Exercise description ->
Repeat the entire listing exactly. Omit all pictures.

Input data ->
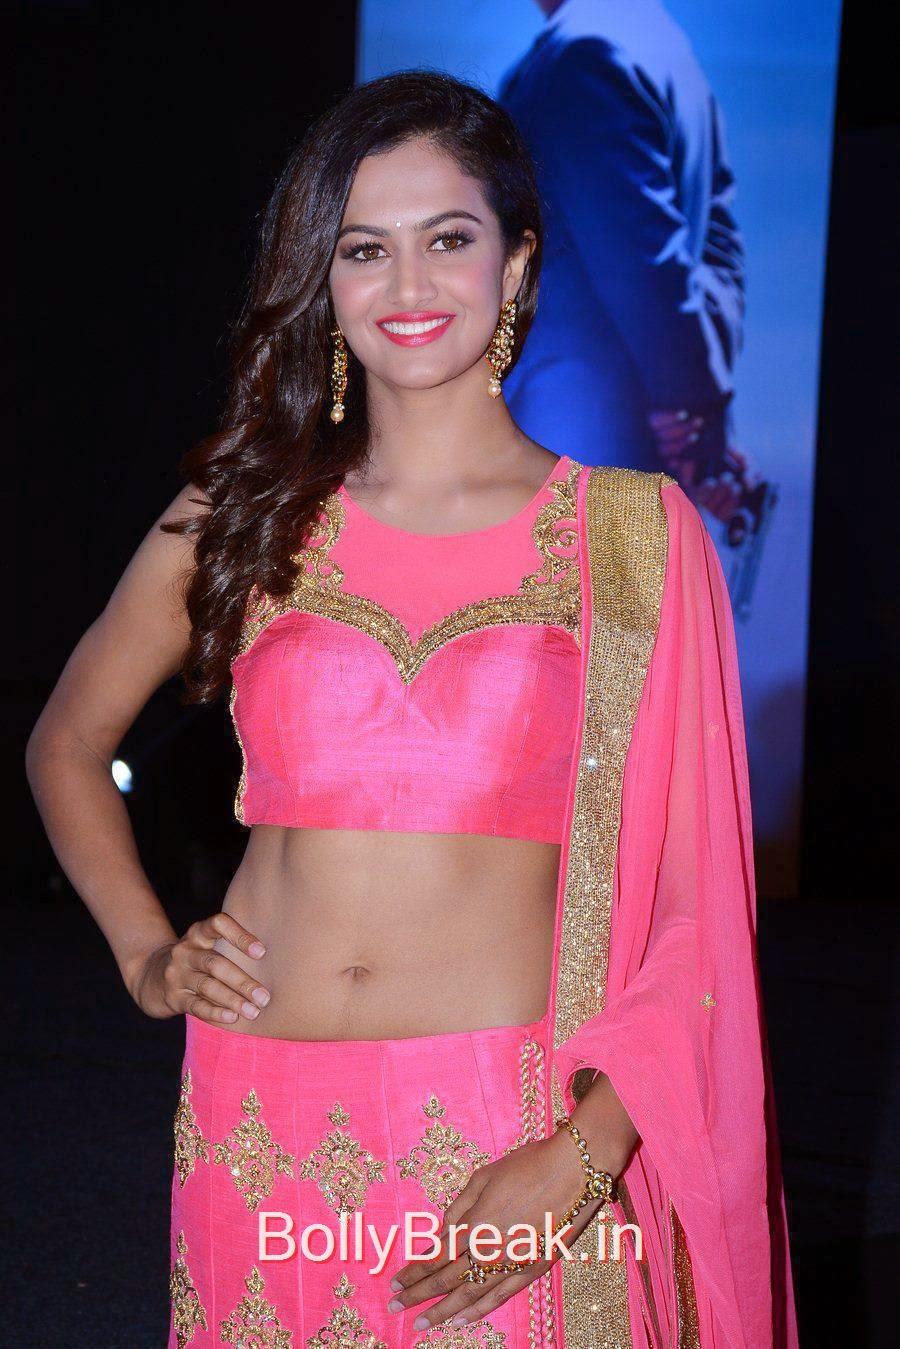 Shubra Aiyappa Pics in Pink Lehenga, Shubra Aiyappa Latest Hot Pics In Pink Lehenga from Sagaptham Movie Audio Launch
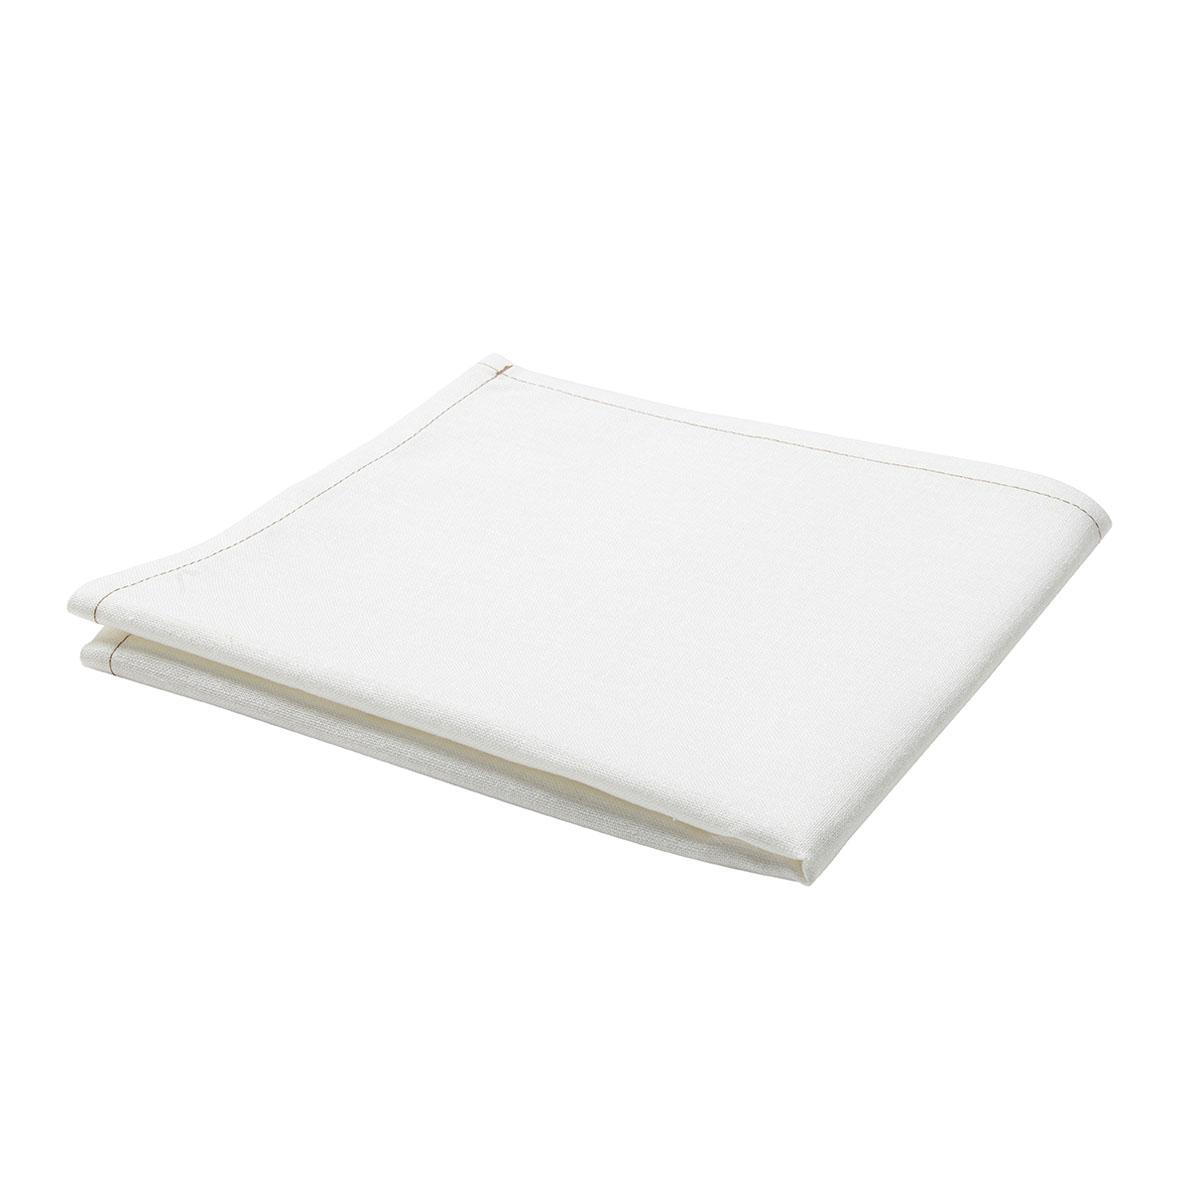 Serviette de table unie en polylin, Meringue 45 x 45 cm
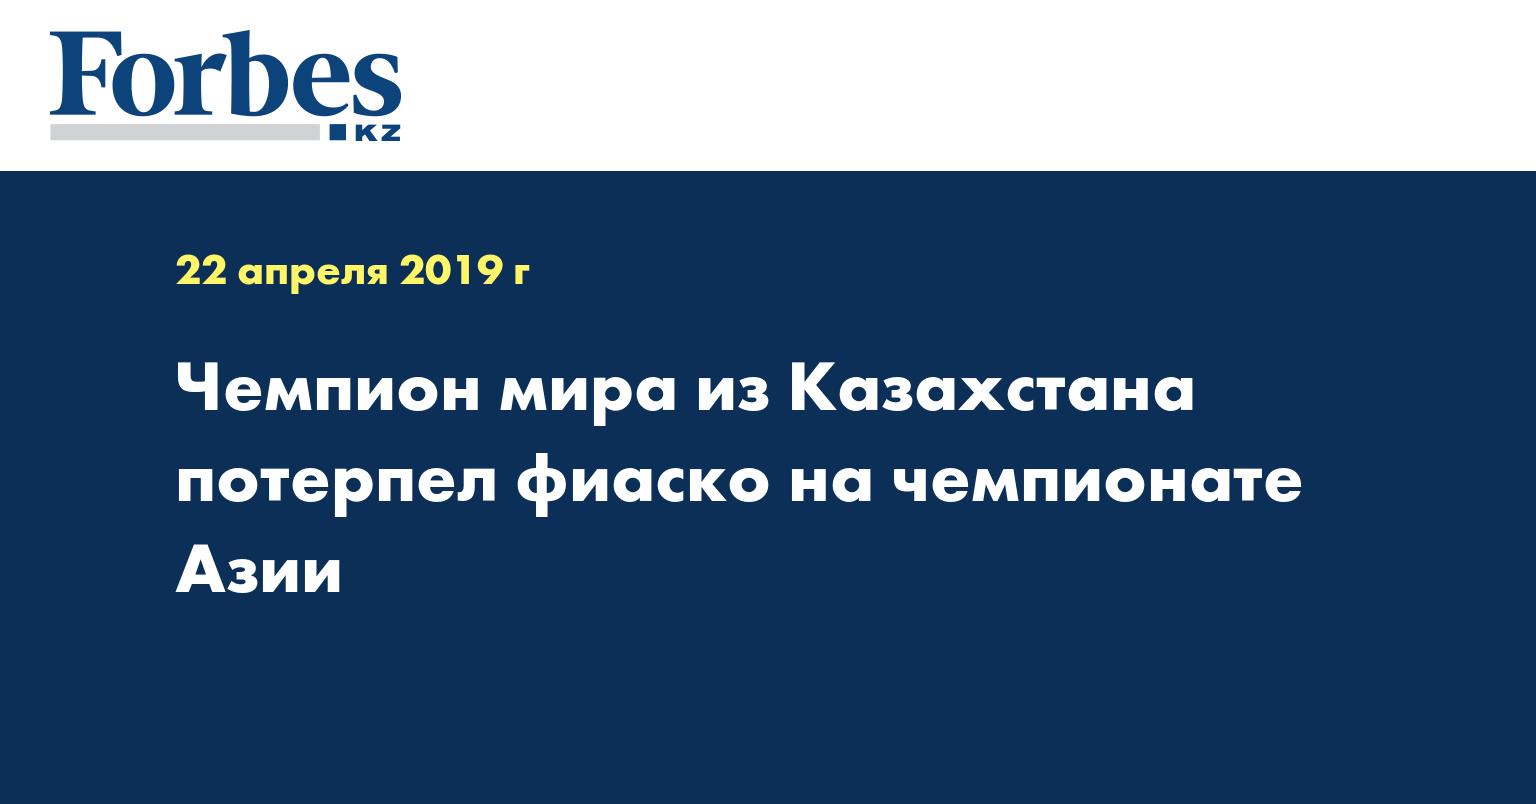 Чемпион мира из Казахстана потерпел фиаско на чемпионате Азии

Problem solution ->
 Shubra Aiyappa Pics in Pink Lehenga, Shubra Aiyappa Latest Hot Pics In Pink Lehenga from Sagaptham Movie Audio Launch
 Serviette de table unie en polylin, Meringue 45 x 45 cm
 Чемпион мира из Казахстана потерпел фиаско на чемпионате Азии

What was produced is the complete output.